Во главе на площади старья стоят опытные продавцы-авторитеты, предлагают доброкачественный товар, умело вытканный эстетизмом, вкусом и красотой. А другие говорили проще: «Одна красота, и только». Молодежь потоком идет на эту Сухаревку, и ловкие авторитеты одеваются в старый лакированный жилет Рубенса, пушкинский галстук, кафтан времени Михаила Федоровича, крахмальный воротник современных Брюсовых; прикрыв голову мещанским колпаком, щеголяет молодежь в праздничные дни в академическом саду искусств! И маэстро довольны, ибо надгробный памятник поставили на современных молодых душах. Совершались прогулки с молодежью по академическому саду. Вкус, красота, мистика, фантазия, эстетика – все было здесь и казалось гениальным.

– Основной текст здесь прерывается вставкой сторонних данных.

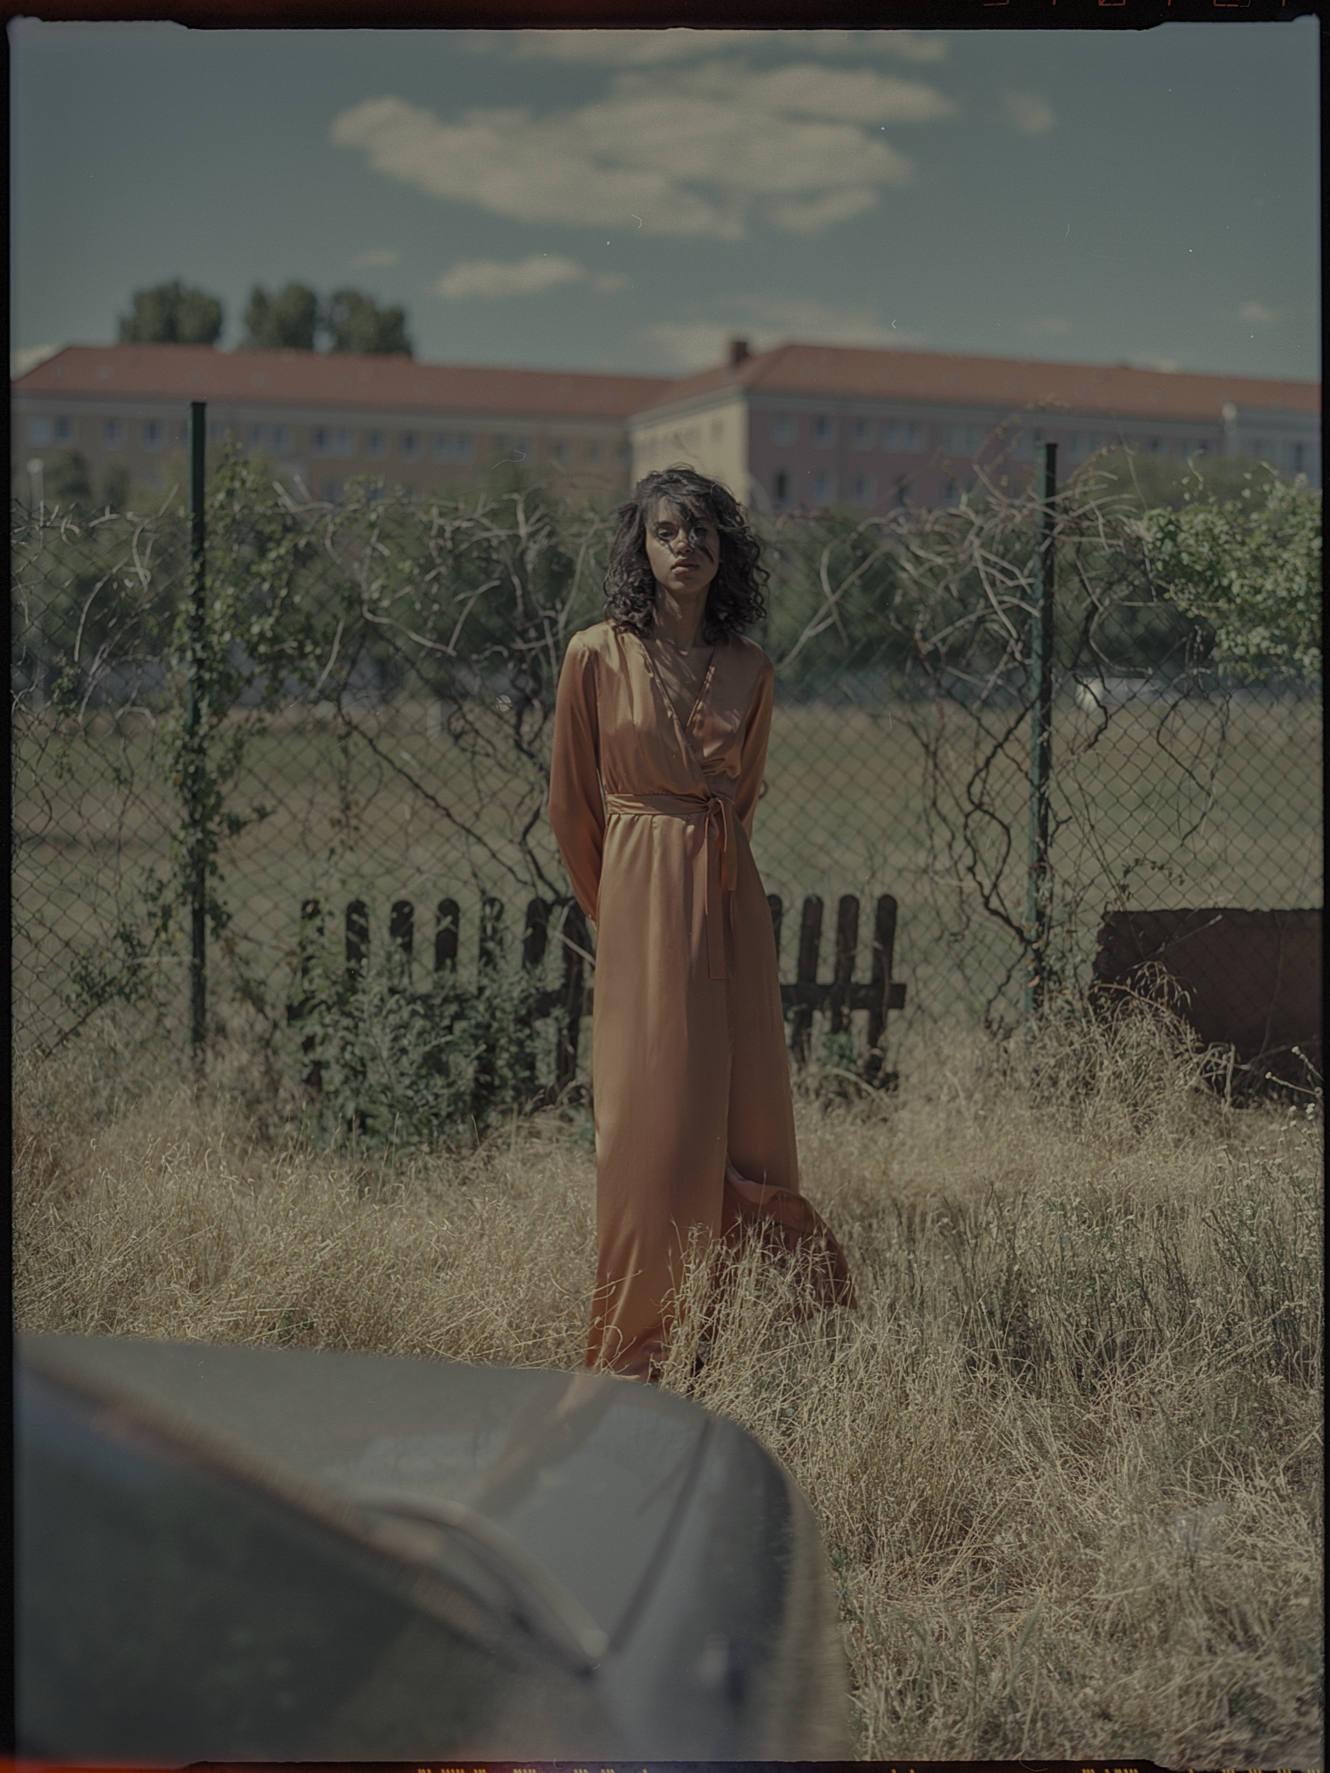 Cus Barcelona, Sanika, Nadja Kiess, Comme des Costumes, ReSustain, Harolds, Graciela Huam, Lana Organics

Обыкновенные тыквы были сущностью, в обнаженных бесстыдных позах стояли группами Венеры, но авторитеты сейчас же старались рассеять это впечатление и объяснить, что под кисеей искусства выходит все по-иному – «прилично». И уже не грубый акт, а легкая эротика, целый сад академии был помешан на художественной эротике. Здесь были и лебеди эротичные, и змии, лошади, фавны и мн‹огое› др‹угое›. Но где уже нельзя было скрыть и эротика перешагнула свои границы, авторитеты закрывали ее фиговыми листиками.
Весь академический фиговый сад искусства охранялся стражей, дабы за его ограду не проникли безобразники, не посрывали фиговых листиков и не погубили красоты сада.
В благоуханном эротическом благополучии засыпала молодежь, и лишь старцы бодрствовали, оберегая от злых веяний.
Но в один прекрасный день на горизонте показалась комета, шум и вихреворот доносились к старцам, затрепетало все от их вихря, хвост кометы – футуризм – смел, свалил все побрякушки старого искусства.
Видя замешательство на базаре, Мережковский и Бенуа стали успокаивать общество, говоря, что идея нового искусства не что иное, как поступь грядущего хама, и что оно скоро пройдет и академический сад по-прежнему будет стоять, увенчанный фиговыми листиками. Но, несмотря на всю предосторожность, много молодежи встало под знамена нового искусства – футуризма.
Они увидели новый футуристический мир, мир бега, скорости; миллионы проводов в теле города натянулись как нервы; трамваи, рельсы, автомобили, телеграф, улицы города и небо – все перекрестилось в бешеном круговороте вещей. И тут же сбоку перепуганная рать академического сада в мещанских колпаках с дрожью смотрела на крушение старого дня, держась за фалды вчерашнего кафтана.
Футуризм сорвал завесу и показал нам новый мир, открыл новую реальность. Если раньше мир, жизнь наша были показаны в неподвижной форме, то футуризм показал ее текучий, быстрый бег. Но из этого не следует, чтобы молодые художники сидели на распыленных вещах кубизма и их освобожденных единицах (вещь состоит из массы единиц, кубизм видит не вещь, а разъединенные единицы) или же передавали новое футуристическое впечатление бега вещей, – иначе было бы нашей ошибкой, то есть мы бы повторили то, что делала академия. Нам нужно идти дальше – к полнейшему освобождению себя не только от вещи, но и от единиц, чтобы иметь дело только с элементами цвета (краски) и ими выдвигать, окрашивать рожденную в нас готовую форму, новое тело.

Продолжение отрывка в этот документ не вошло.